Repository files navigation

ACS

This is the source code for our paper: Dynamic Deep Neural Network Inference via Adaptive Channel Skipping. A brief introduction of this work is as follows:

Deep Neural Networks have recently made remarkable achievements in computer vision applications. However, the high computational requirements needed to achieve accurate inference results can be a significant barrier to deploying DNNs on resource-constrained computing devices, such as those found in the Internet-of-Things. In this work, we propose a fresh approach called Adaptive Channel Skipping (ACS) that prioritizes the identification of the most suitable channels for skipping and implements an efficient skipping mechanism during inference. We begin with the development of a new Gating Network model, ACS-GN, which employs fine-grained channel-wise skipping to enable input-dependent inference and achieve a desirable balance between accuracy and resource consumption. To further enhance the efficiency of channel skipping, we propose a Dynamic Grouping convolutional computing approach, ACS-DG, which helps to reduce the computational cost of ACS-GN. The results of our experiment indicate that ACS-GN and ACS-DG exhibit superior performance compared to existing gating network designs and convolutional computing mechanisms, respectively. When they are combined, the ACS framework results in a significant reduction of computational expenses and a remarkable improvement in the accuracy of inferences.
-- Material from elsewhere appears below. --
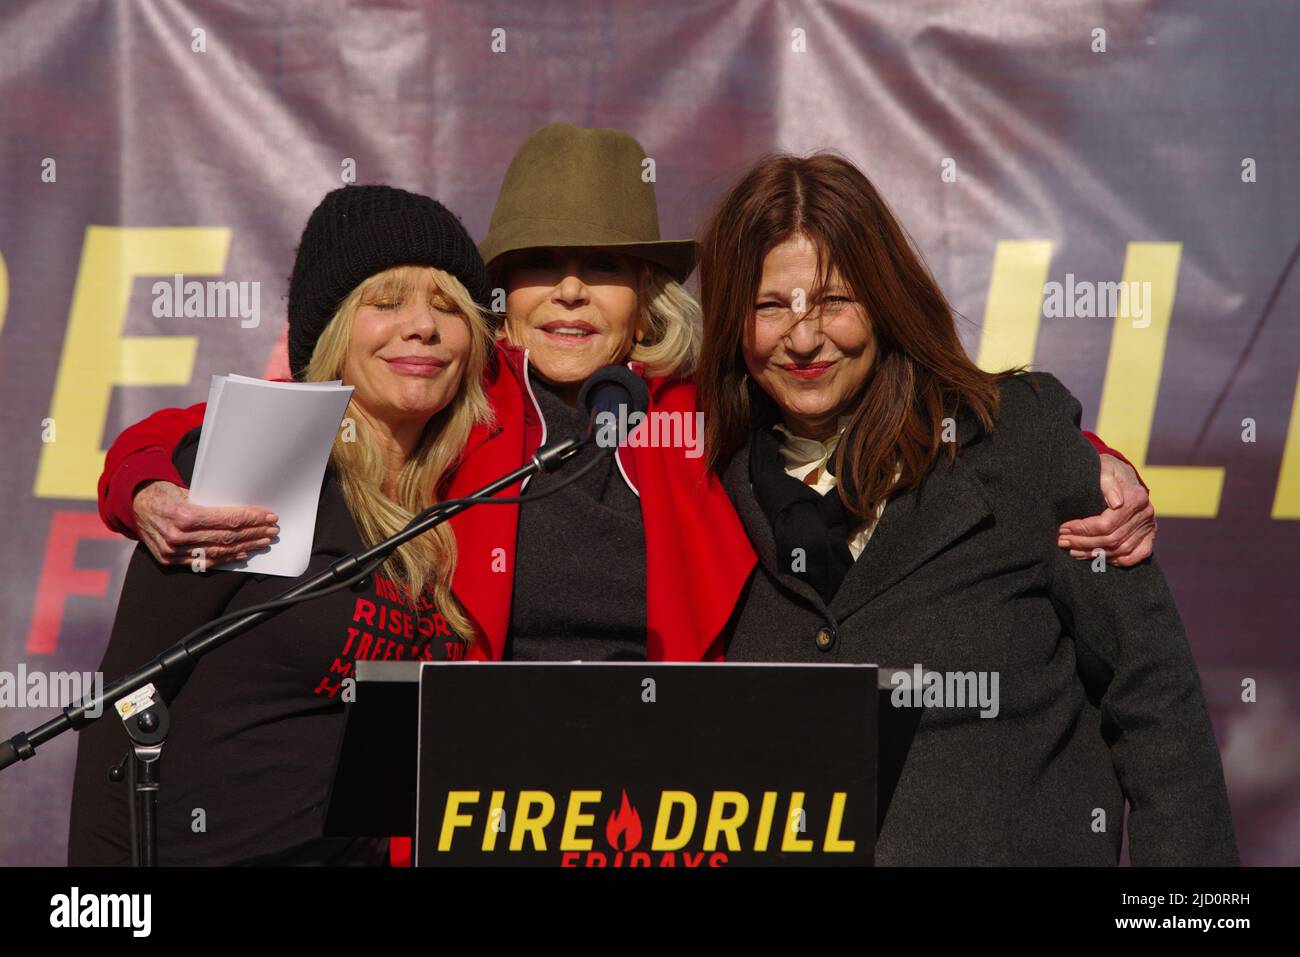 Les acteurs Rosanna Arquette, Jane Fonda et Catherine keener se présentent lors d'une manifestation contre le changement climatique le vendredi 1 novembre 2019 à Washington. Banque D'Images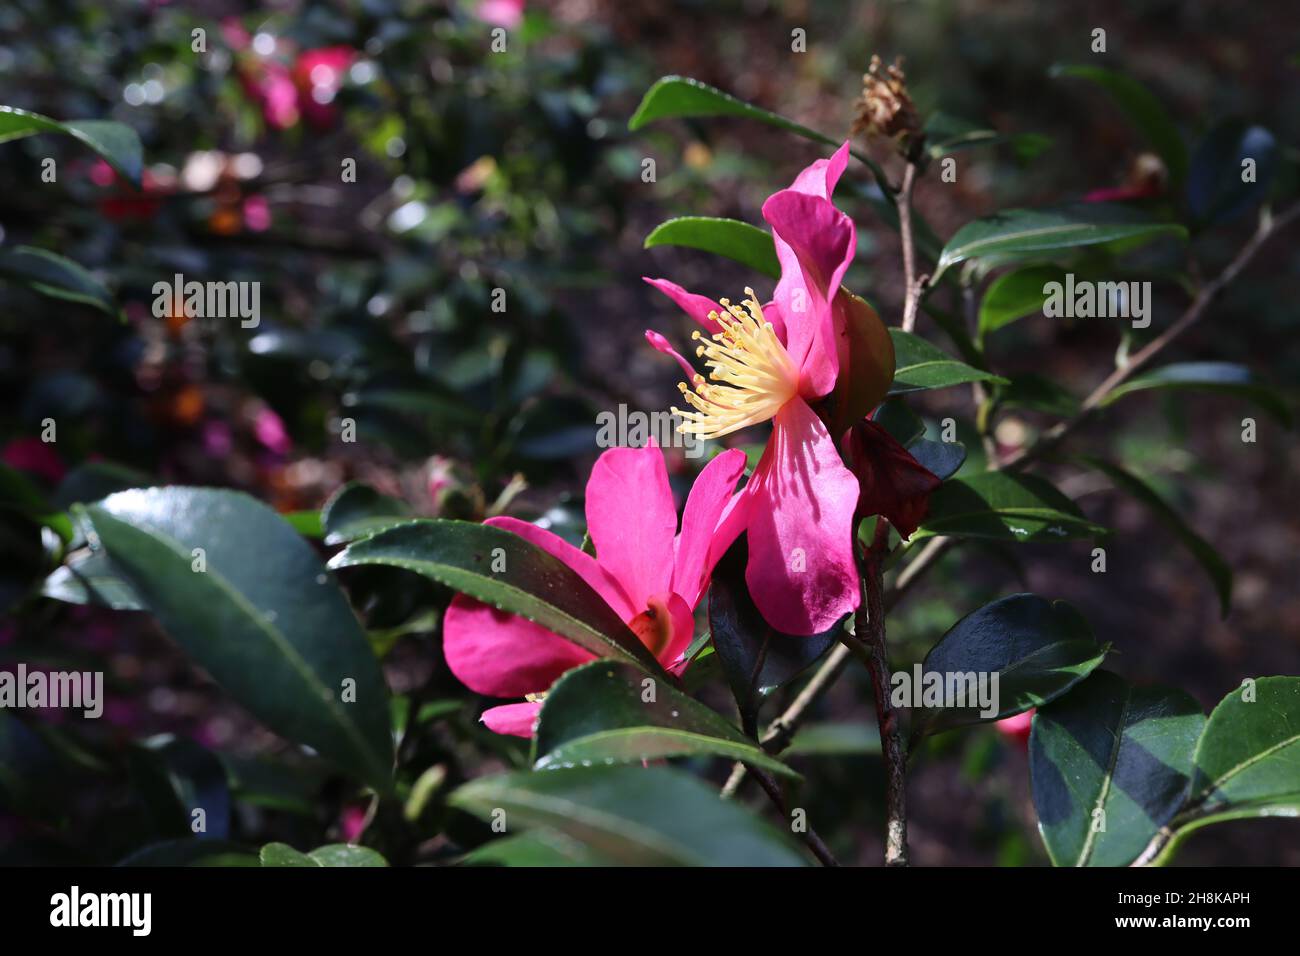 Camellia sasanqua 'Rubra' flores sencillas de color rosa intenso con estambres amarillos cortos y hojas elípticas brillantes de color verde oscuro, noviembre, Inglaterra, Reino Unido Foto de stock

深度神经网络近期在计算机视觉应用领域取得了显著成就。然而,要实现精确推理结果所需的高计算量,可能成为在资源受限的计算设备(如物联网设备)上部署深度神经网络的主要障碍。本研究提出了一种名为自适应通道跳跃(ACS)的创新方法,该方法优先识别最适合跳过的通道,并在推理过程中实现高效跳跃机制。我们首先开发了新型门控网络模型ACS-GN,该模型采用细粒度通道级跳跃技术,既能实现输入依赖型推理,又能在精度与资源消耗之间达成理想平衡。为进一步提升通道跳跃效率,我们提出了动态分组卷积计算方法ACS-DG,有效降低了ACS-GN的计算成本。实验结果表明:ACS-GN在门控网络设计方面、ACS-DG在卷积计算机制方面,分别优于现有方案。当两者结合时,ACS框架能显著降低计算开销,并大幅提升推理精度。

Required software

  • PyTorch
  • torchvision
  • NumPy

Project Structure

ACS/
├── dgconv.py                              # Core module: Dynamic Grouping Convolution (ACS-DG)
├── g_resnext.py                           # ResNeXt model built on DGConv2d
├── models_channel_skip_new_gate.py        # DenseNet + Gate Network (ACS-GN)
├── train_base_channel_skip_new_gate.py    # Training / evaluation entry script
└── README.md

Core Modules

Dynamic Grouping Convolution (dgconv.py)

Implements DGConv2d, the core operator of the ACS-DG approach. It learns a compact binary gate (of length K = log2(in_channels)) and expands it into a channel-wise mask U via Kronecker-product aggregation, so that the convolution weight is dynamically masked at each forward pass.

Key components:

  • aggregate(gate, D, I, K, sort) — Aggregates K binary gates into a full channel mask U through iterated Kronecker products. D is the 2×2 identity (skip) and I is the 2×2 all-ones (keep) matrix.
  • kronecker_product(mat1, mat2) — Helper for the Kronecker product used in the aggregation.
  • DGConv2d — Wraps a standard nn.Conv2d and applies the learned mask U to its weight. A Straight-Through Estimator (STE) is used so the binary gate remains differentiable.

Key behavior:

  • forward(x) returns (output, U_regularizer), where U_regularizer = 2^(K + sum(gate)) penalizes the number of retained channels and encourages sparsity.
  • The gate is initialized with a tiny random ±eps value so the network starts near the decision boundary.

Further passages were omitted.